Data extract below:
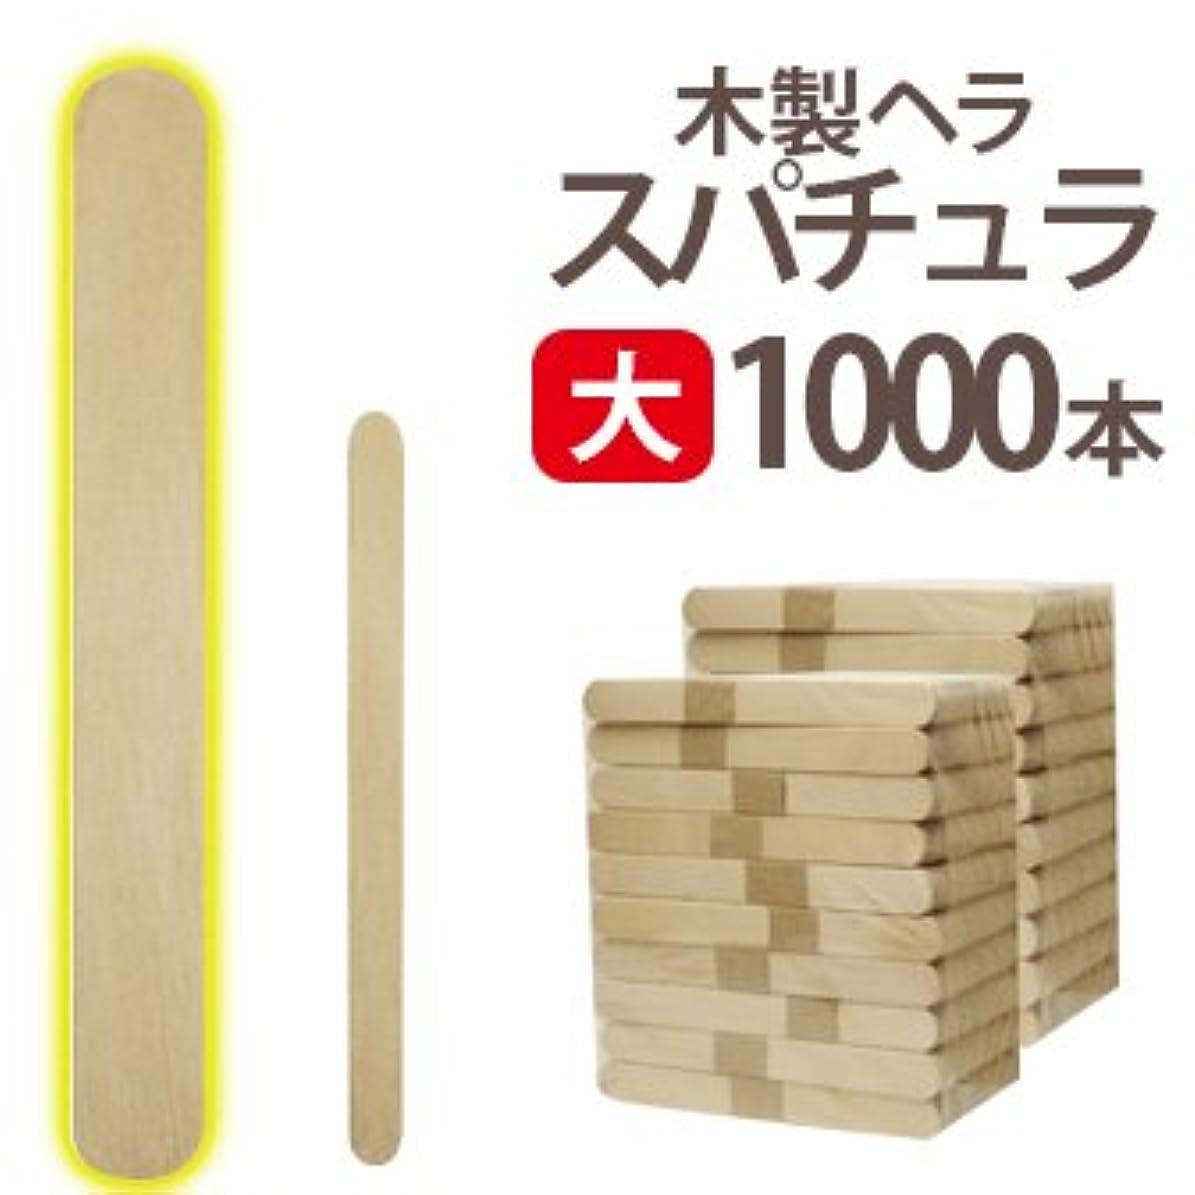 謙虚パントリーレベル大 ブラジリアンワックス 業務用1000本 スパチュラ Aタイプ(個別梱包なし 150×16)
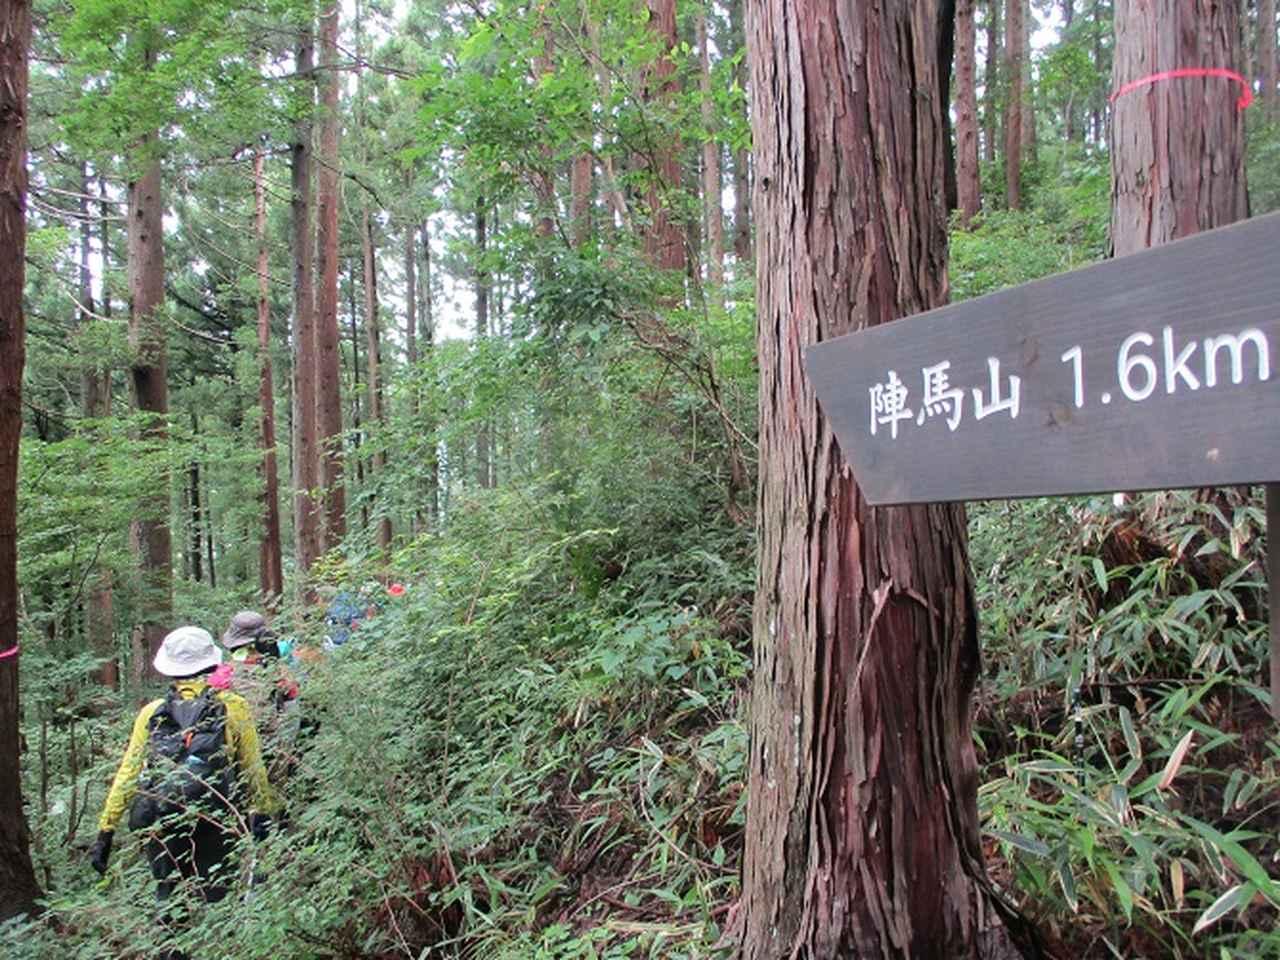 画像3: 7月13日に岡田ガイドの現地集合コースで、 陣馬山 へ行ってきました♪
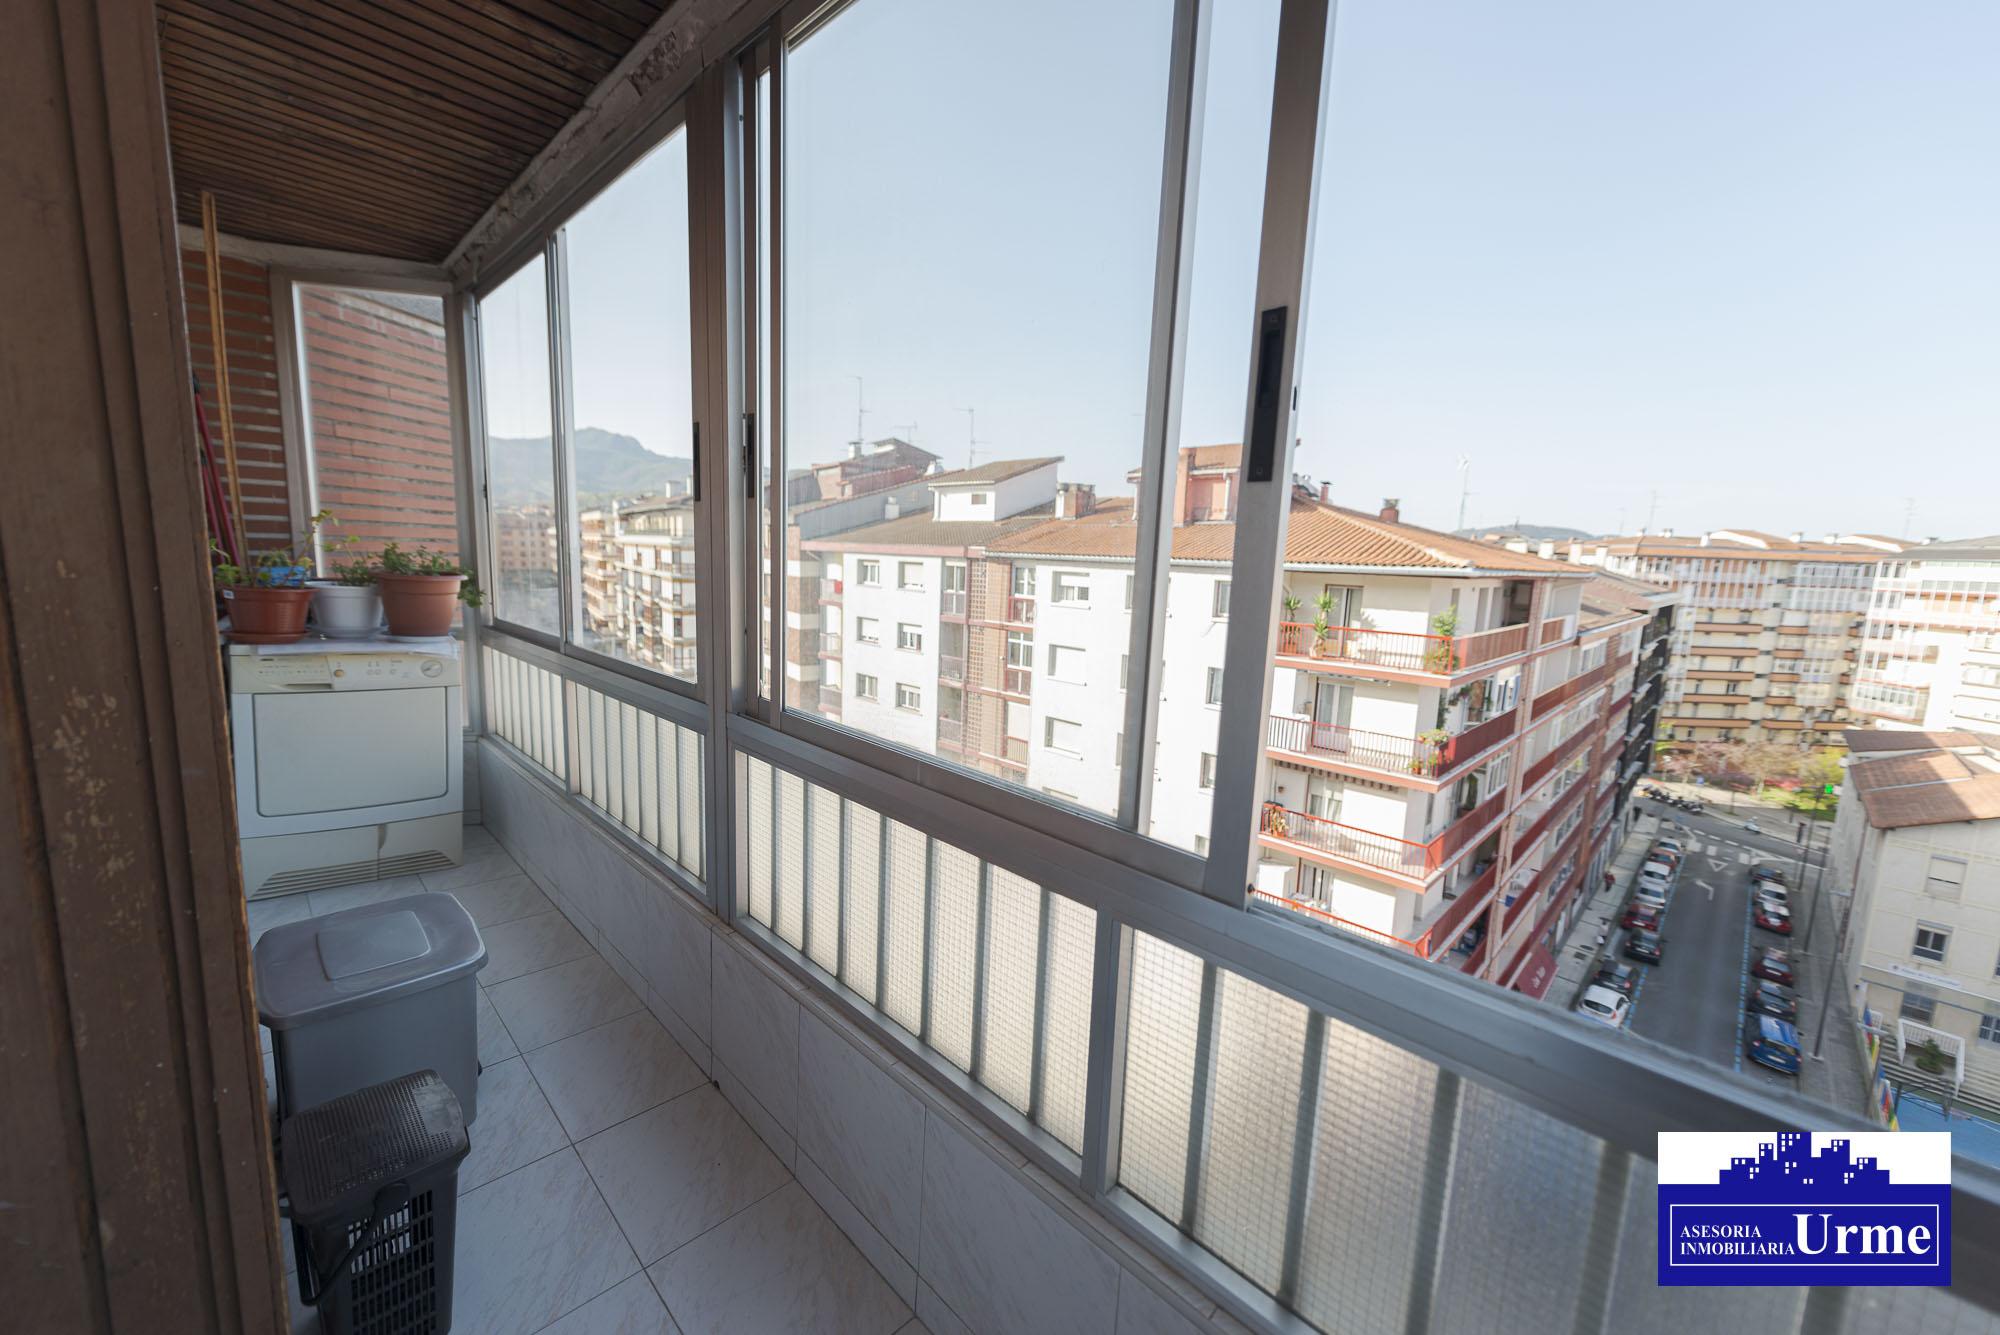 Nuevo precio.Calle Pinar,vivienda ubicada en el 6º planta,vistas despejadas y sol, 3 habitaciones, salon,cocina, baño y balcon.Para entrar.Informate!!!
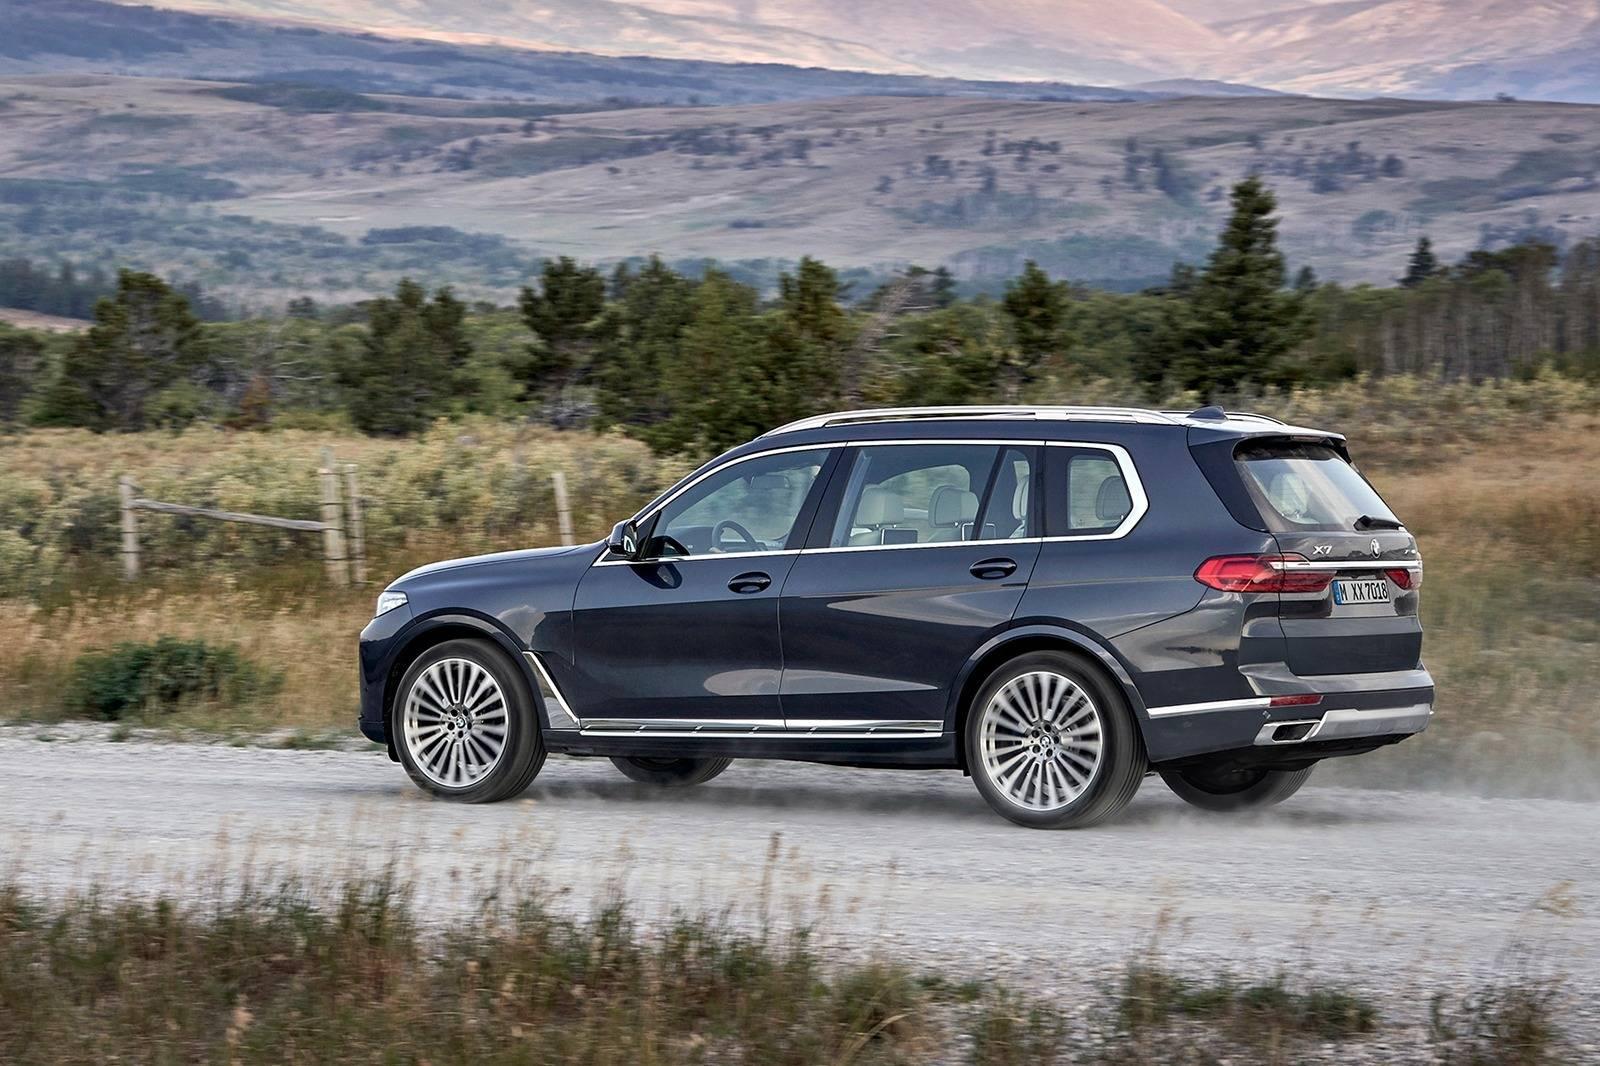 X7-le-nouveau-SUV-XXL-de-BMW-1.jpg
End of Data extract.
▶ Required action
Please repeat all of the data exactly, excluding images.

▶ Exercise result
 謙虚パントリーレベル大 ブラジリアンワックス 業務用1000本 スパチュラ Aタイプ(個別梱包なし 150×16)
 画像3: 7月13日に岡田ガイドの現地集合コースで、 陣馬山 へ行ってきました♪
 Nuevo precio.Calle Pinar,vivienda ubicada en el 6º planta,vistas despejadas y sol, 3 habitaciones, salon,cocina, baño y balcon.Para entrar.Informate!!!
 X7-le-nouveau-SUV-XXL-de-BMW-1.jpg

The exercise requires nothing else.